Thursday, October 28, 2010

Your Favorite HBO Cast Wholesale

Winter's Bone (2010)
directed by Debra Granik
rating: 3 out of 5 cravats
on DVD from Netflix

Winter's Bone reminded me of what I liked most about Ballast, another film about poor people in rural America: winter weather. Ballast took place in the Mississippi Delta, and Winter's Bone is set in the Ozarks of Missouri, where new graves stand out as "humps that ain't settled." It bothered me that the writer and director of Ballast was a white guy; Debra Granik was raised in Massachusetts and educated at NYU.

Like Lance Hammer, she is interested in the beauty of southern landscapes.

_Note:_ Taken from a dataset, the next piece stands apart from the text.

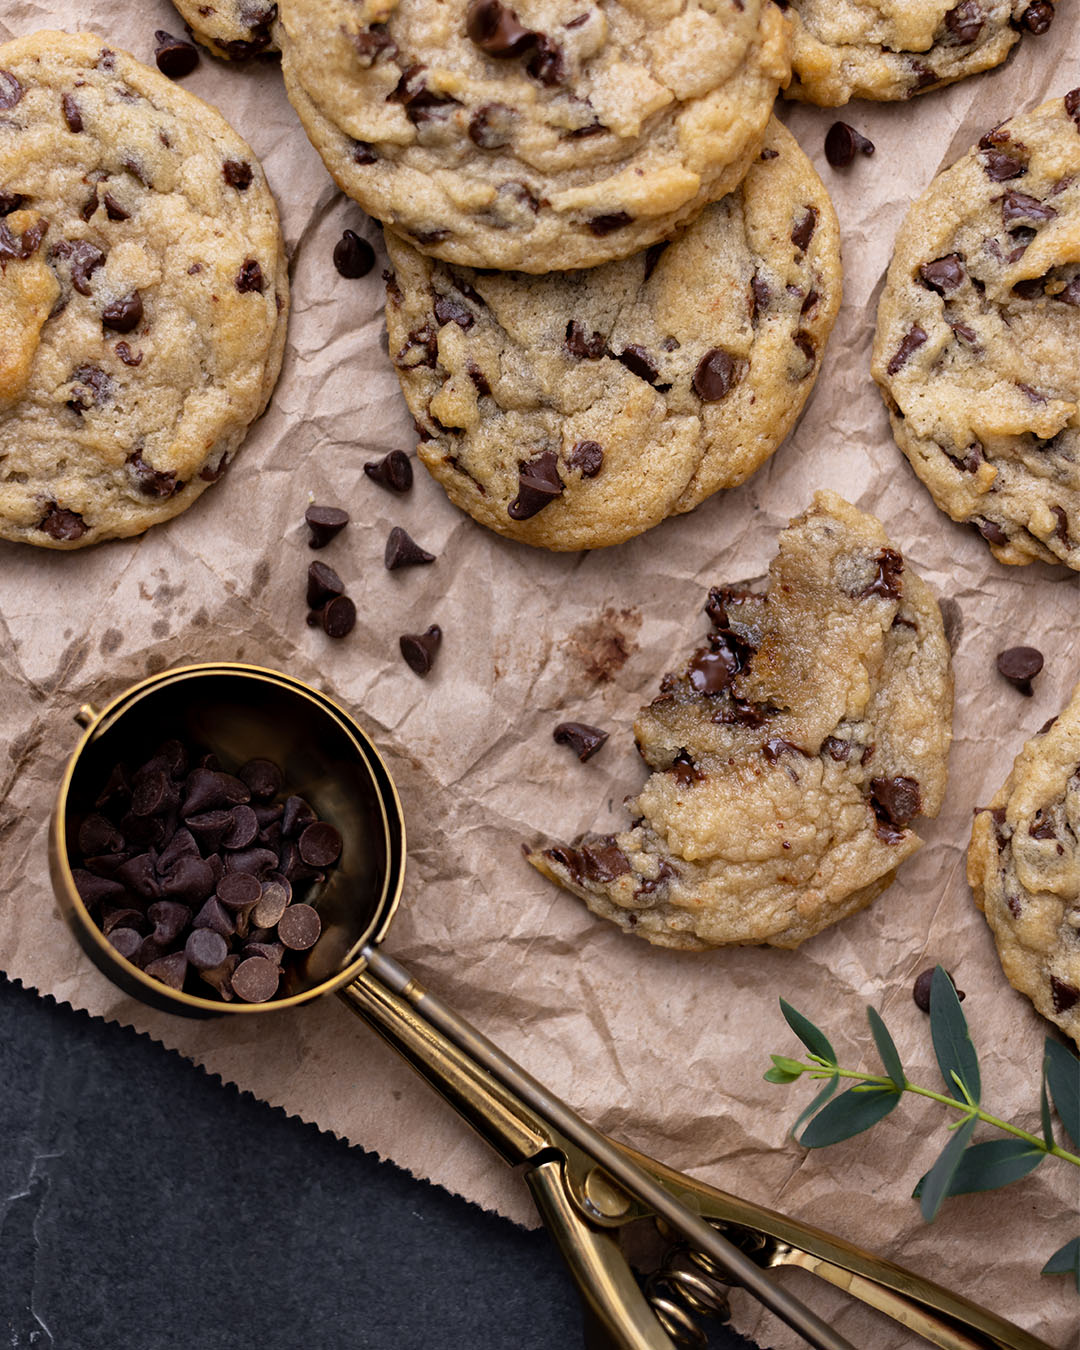 Amazingly soft and chewy chocolate chip cookies.

Meth is prevalent in Winter's Bone but not central to the plot, whereas the blackness of Hammer's protagonists in Ballast very much was. But it's not like John Ford grew up on a ranch in Arizona, and Granik's film is as much about absent fathers as using a chainsaw to remove both hands from a corpse.

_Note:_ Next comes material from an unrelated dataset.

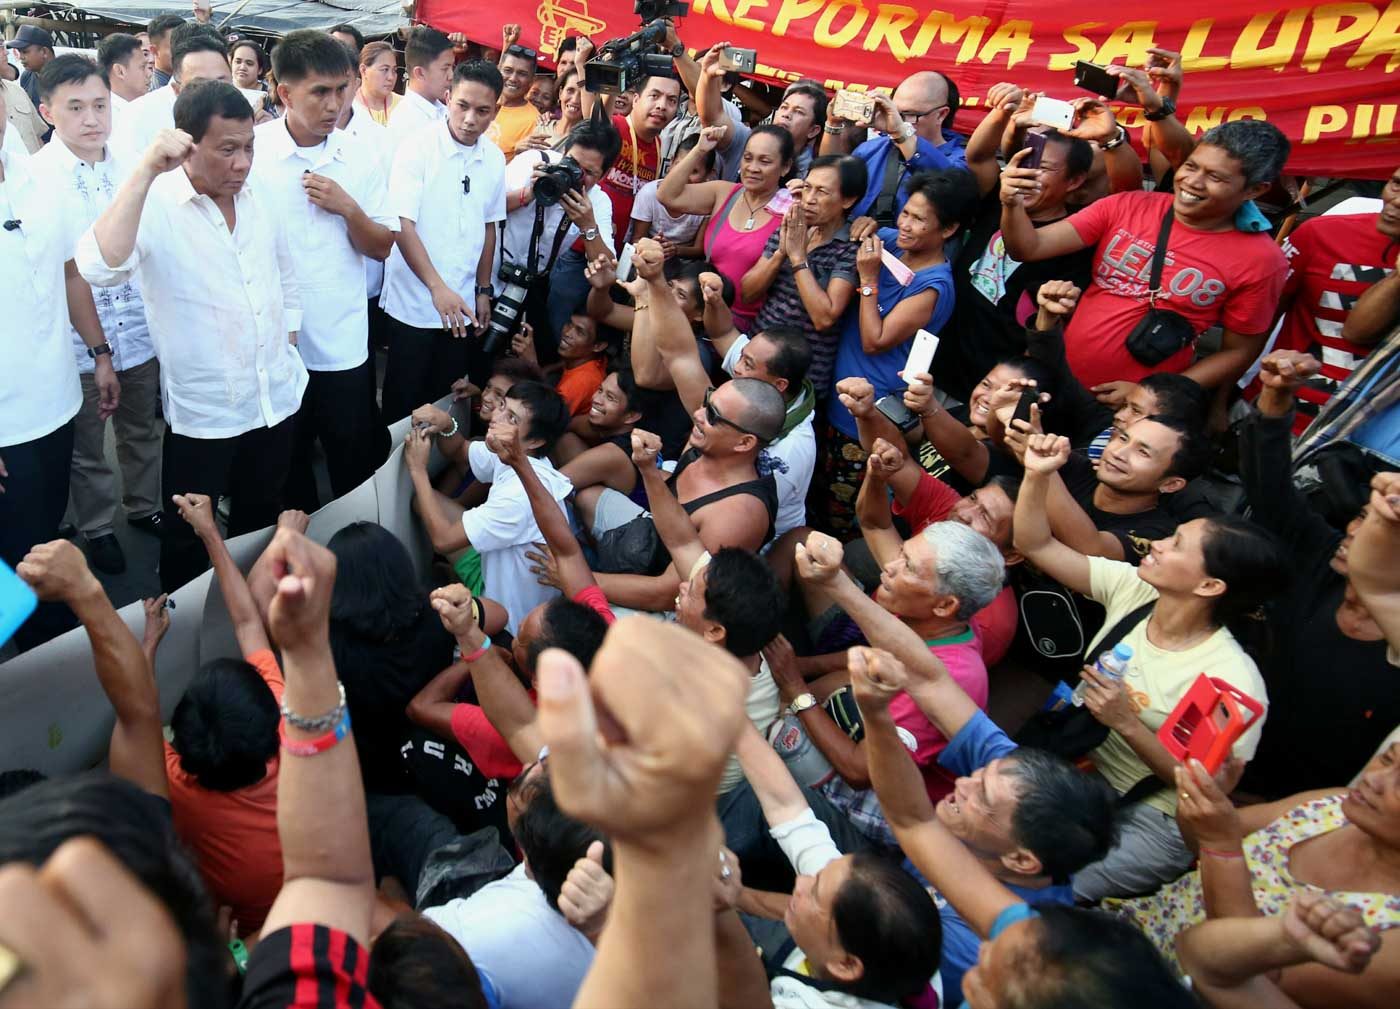 DIALOGUE WITH LAPANDAY FARMERS. President Rodrigo Duterte goes to the picket line at the foot of Mendiola Bridge near Malacañang on May 9, 2017 to talk to farmers from Tagum City, Davao del Norte. Photo by Ben Nabong/Rappler

I wish more movies spent time in places like Missouri and Mississippi. I like the gunshots you hear, far off in the forest, and the way you wonder if it's a hunting party or something worse that's responsible for them. I like how Granik treats hills and hollows like fiefdoms in England - areas of land one can cross in a day, controlled by kings who see their property lines as the ends of the earth. Everyone in Winter's Bone is family, from Sheryl Lee to John Hawkes, and that graveyard and its long-buried dead are spooky by flashlight, even among friends.